The State of Information Visualization, 2016
eagereyes 2016-02-09
Oh hello, new year! I almost didn’t see you there! Lots of interesting things happened last year: Dear Data, deceptive visualization, storytelling research, new tools and ideas, etc. And this year is already shaping up to be quite strong, too.
Dear Data
Perhaps the most exciting project of 2015 was Dear Data by Giorgia Lupi and Stefanie Posavec. They are both designers, and they decided to collect data and send each other postcards with hand-drawn visualizations based on that every week. The topic is also a different one every week, and they’re often very personal. It’s a unique and very different project, with a lot of creativity in the ways data is displayed.
Somewhat related, there was a great paper at EuroVis last year on data sketching, drawing data by hand. Tools are clearly helpful when dealing with data, but they also tend to shape the things people do with them – they make some things easier than others, and obviously always have limitations. Sketching allows for more thinking outside the box and more creativity.

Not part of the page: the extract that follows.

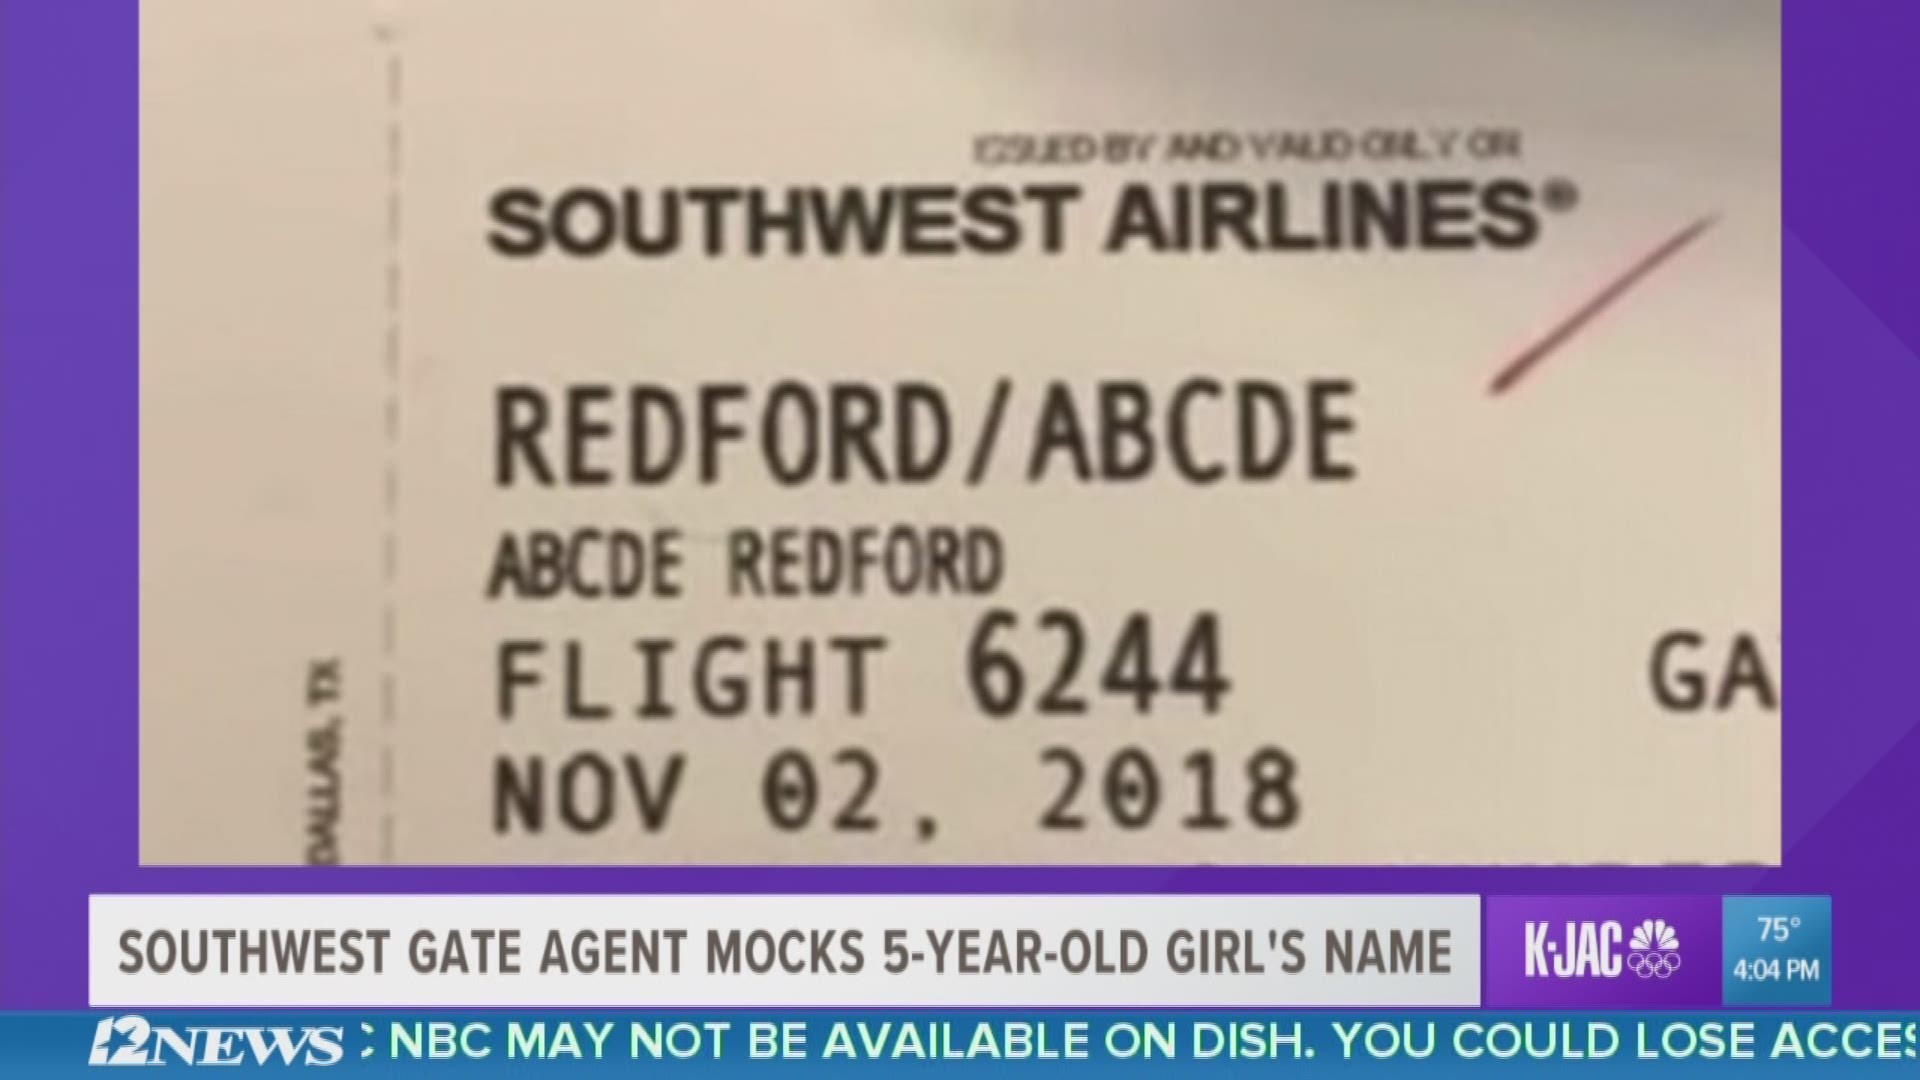 Patrick and DeJonique discuss whether is was cool for a gate agent to post Abcde Redford's boarding pass because of the unique first name.
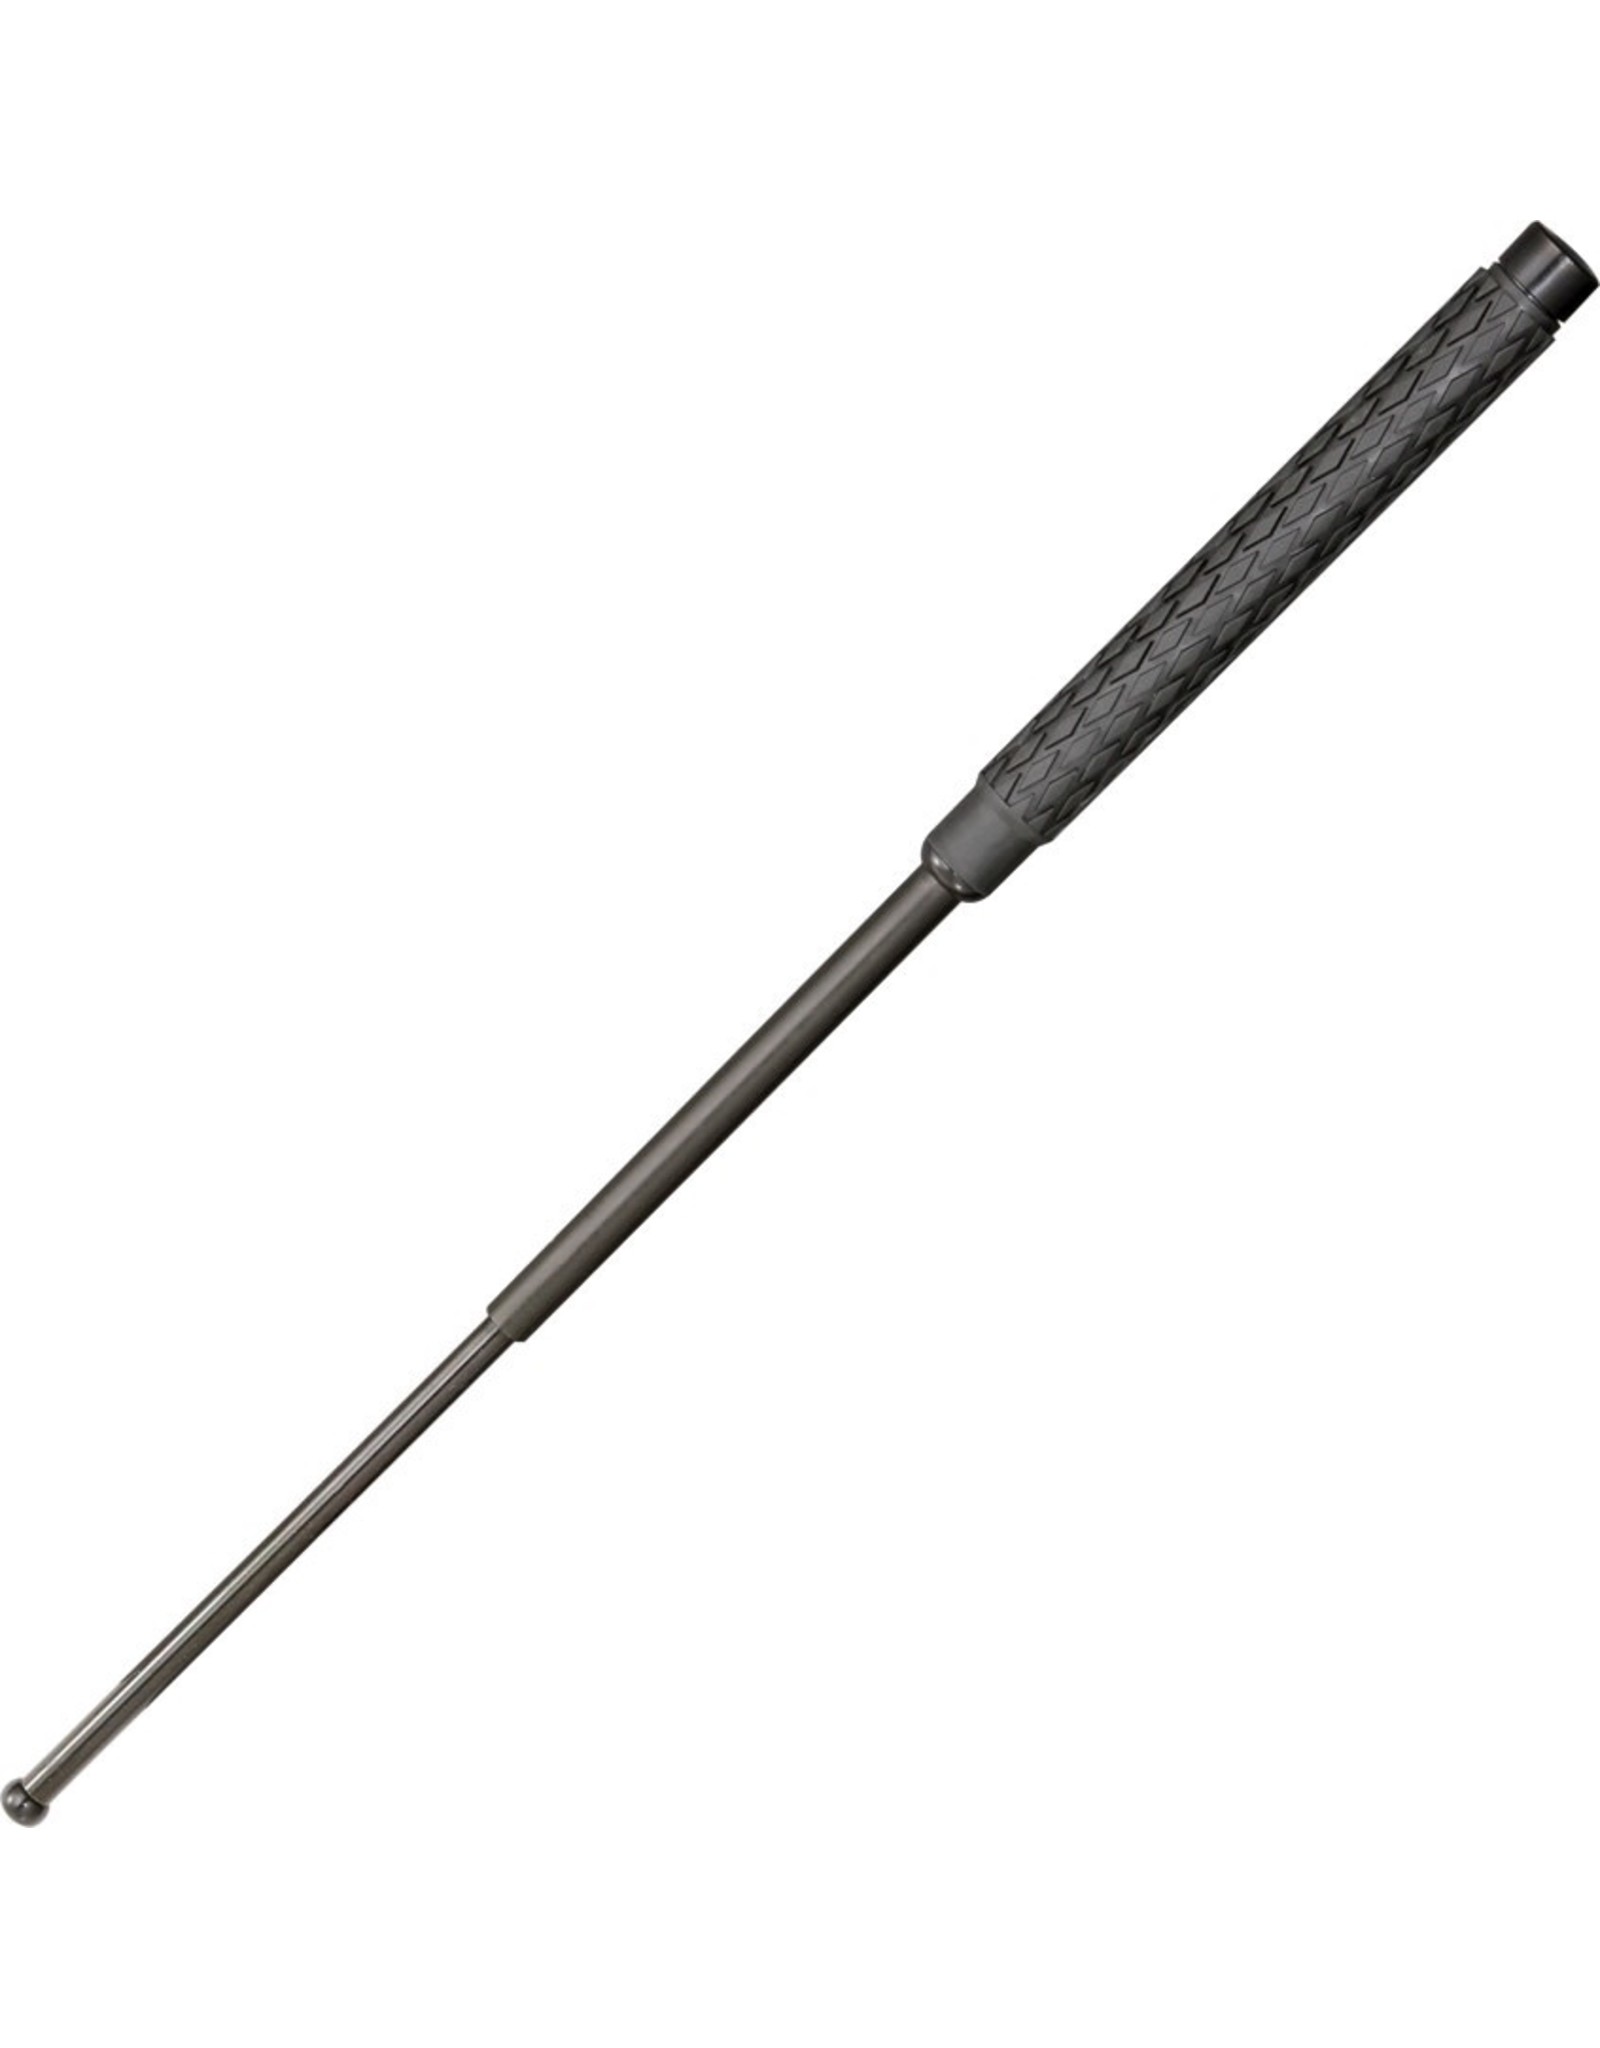 Scorpion Defence Products Kwik Force  26" Solid Steel Expandable Baton, Nylon Pouch - 220032-26

Peeking Outside Academic Vis
Academic visualization research can be trapped inside a bubble and not deal with issues people actually encounter out in the world. That is why I really liked the work on deceptive visualizations. It put some science behind issues that some people are aware of, but that so far have mostly been based on assumptions and hearsay. Do cropped bars mislead? Does inverting an axis make a difference? Is aspect ratio important?
The point was not so much that the results were surprising (for the most part, they weren’t), but that these things were actually tested rather than just stated as fact. It still amazes me how many things we simply take for granted in visualization without questioning them – and when we finally do, we find that they’re not based on actual research.
Along similar lines, Drew Skau and I looked at bar chart embellishments common in infographics and found that some of them aren’t that problematic – though some clearly are. Again, the point here being actual science rather than just assumptions.
The Birth and Death of Tools
One of the big issues in data visualization is cleaning data and wrangling it into a shape that can then be used in a visualization tool. Trifacta Wrangler is a great tool for that, and it’s free to use (with some size limitations, though they’re quite generous).
I recently heard somebody describe his work as “Living in the Hadleyverse” – a reference to Hadley Wickham and his untiring efforts to create better tools for both data analysis and visualization in R. Between ggplot, dplyr, and the up-and-coming ggvis, R is getting very powerful support to deal with large datasets, talk directly to databases, and create interactive visualizations for the web.
Sadly, last year also saw the death of Many Eyes. While not exactly a surprise after years of neglect, it did mean the end of the first really successful and widely used web-based visualization platforms. Many Eyes was not just a collection of tools, they were also ambitious about doing research and pushing the envelope on things like text visualization and figuring out user preferences. Alas, IBM did not seem to see the value and finally folded the project into Watson Analytics late last year.
In the process, they did release Brunel, a language for creating visualizations on the web based on the Grammar of Graphics. This had originally been developed as the new technology to power Many Eyes, under the name RAVE. I’m not sure if Brunel has any chance of catching on, given the popularity of D3. But it appears to be an interesting piece of technology.
Storytelling Research
I’m actually writing this while attending a seminar on Data-Driven Storytelling at Schloss Dagstuhl. There are 40 people here, with a good number of journalists and designers mixed into the usual group of academics. That such a seminar can happen is a sign that storytelling in visualization is here to stay.
This isn’t quite reflected in the papers at IEEE VIS or EuroVis yet, but I expect that to change this year. Oddly, the conference that had an entire session on storytelling last year was CHI – even though that is not a core visualization conference. The entire visualization track there was pretty strong.
I was one of the authors of the paper on ISOTYPE at CHI, and also the almost-published one on the connected scatterplot. I also wrote about presentation-oriented visualization techniques.
The Year Ahead
On the academic side, I expect to see a lot more work storytelling at the conferences, hopefully enough to finally get entire sessions. There is a lot of energy here at Dagstuhl right now, and many topics and issues to tackle. My hope is also that we can involve practitioners in this work more than we usually do.
A big driver of data visualization in the news will be the elections in the U.S. in November. There will be polls, predictions, lots of data-centric news stories, and just generally a fever pitch of data presentation. Exciting times!